If you discover a security vulnerability in TypeWhisper for Windows, please report it responsibly.

Do not open a public issue. Instead, email security concerns to: security@typewhisper.com

You can also use GitHub's private vulnerability reporting.

We will acknowledge your report within 48 hours and aim to provide a fix within 7 days for critical issues.

When reporting, please include:

• Affected TypeWhisper version, commit, or release package
• Windows version and CPU architecture
• Clear reproduction steps
• Security impact and affected data or privileges
• Any relevant logs, screenshots, or proof-of-concept details that avoid exposing secrets or personal data

TypeWhisper for Windows handles sensitive data including:

• Microphone audio and imported audio/video files
• Transcription history and generated text
• API keys and provider credentials
• Plugin packages, plugin settings, and plugin-managed secrets
• Local HTTP API server
• Installer and update mechanism

Issues in these areas are especially relevant.

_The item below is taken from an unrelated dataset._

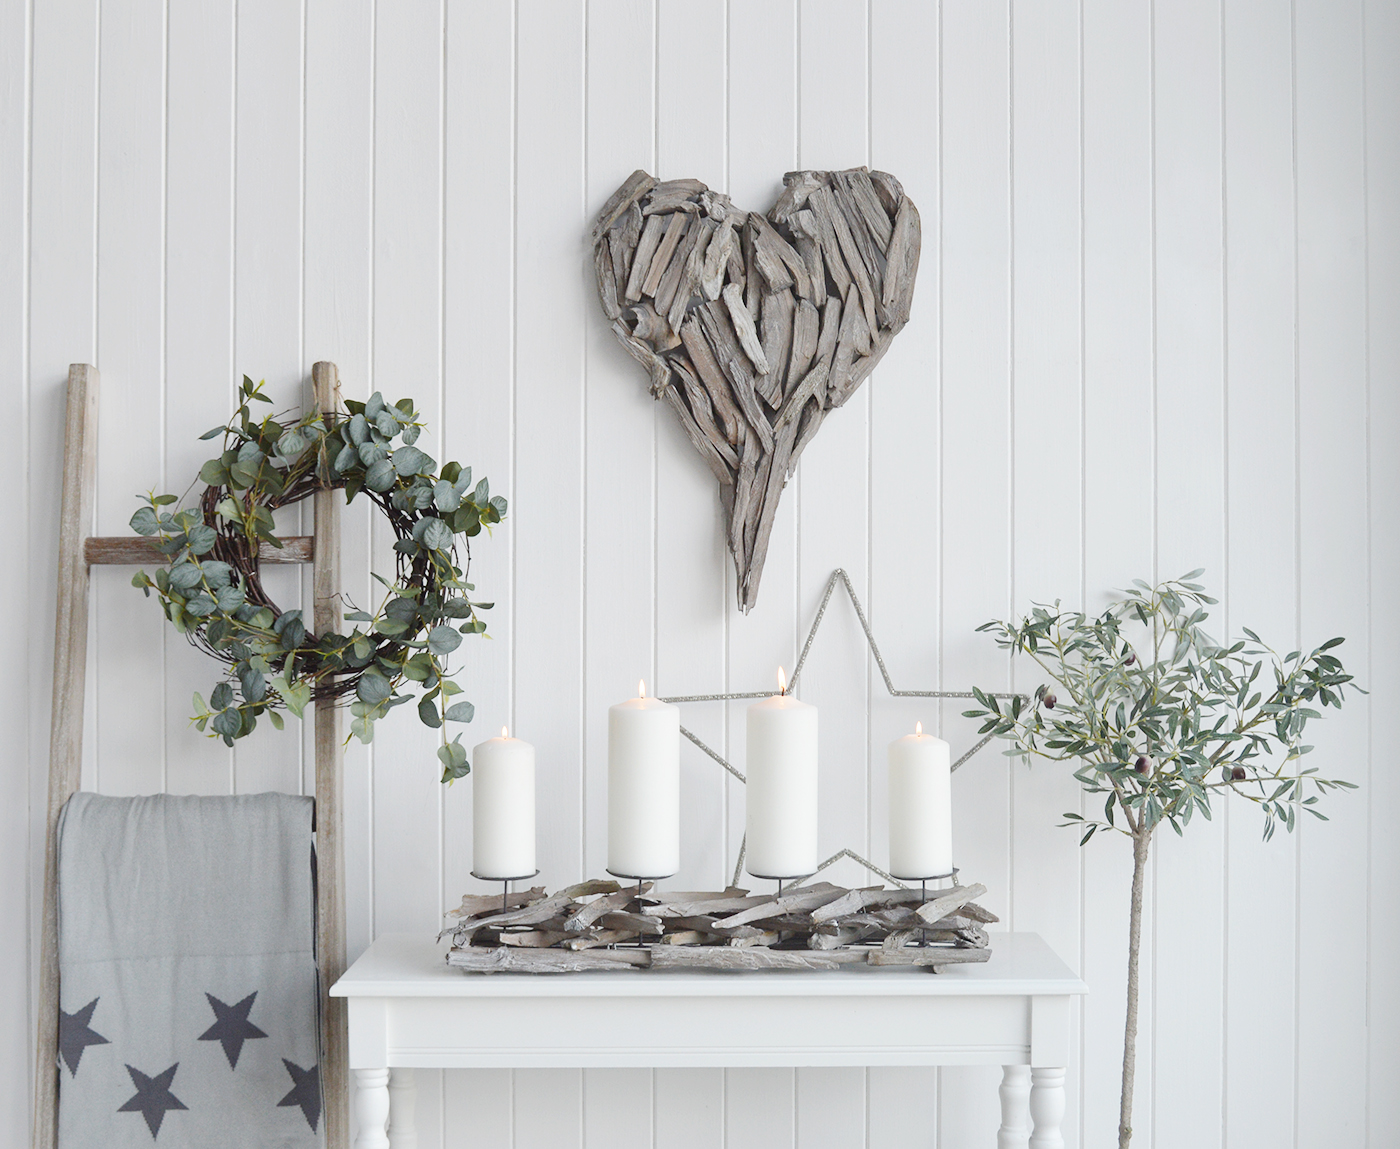 Driftwood home accessories and furniture in New England Style for country, coastal and modern farmhouse homes and interiors

• The local HTTP API uses a localhost listener and is intended for local tools and scripts.
• The API server is disabled by default and must be enabled explicitly in Settings.
• API keys and plugin secrets are stored with Windows DPAPI, scoped to the current Windows user.
• Exported diagnostics include app, platform, and error metadata, but should not include API keys, audio payloads, or transcription history.
• Plugins are executable code and should only be installed from trusted sources.

Good-faith security research is welcome. Please:

• Avoid accessing, modifying, or deleting data that is not yours
• Avoid exfiltrating secrets, API keys, recordings, transcripts, or personal data
• Avoid degrading service availability or disrupting other users
• Share only the information needed to reproduce and understand the issue
• Give the maintainers reasonable time to investigate before public disclosure

This project does not currently operate a paid bug bounty program.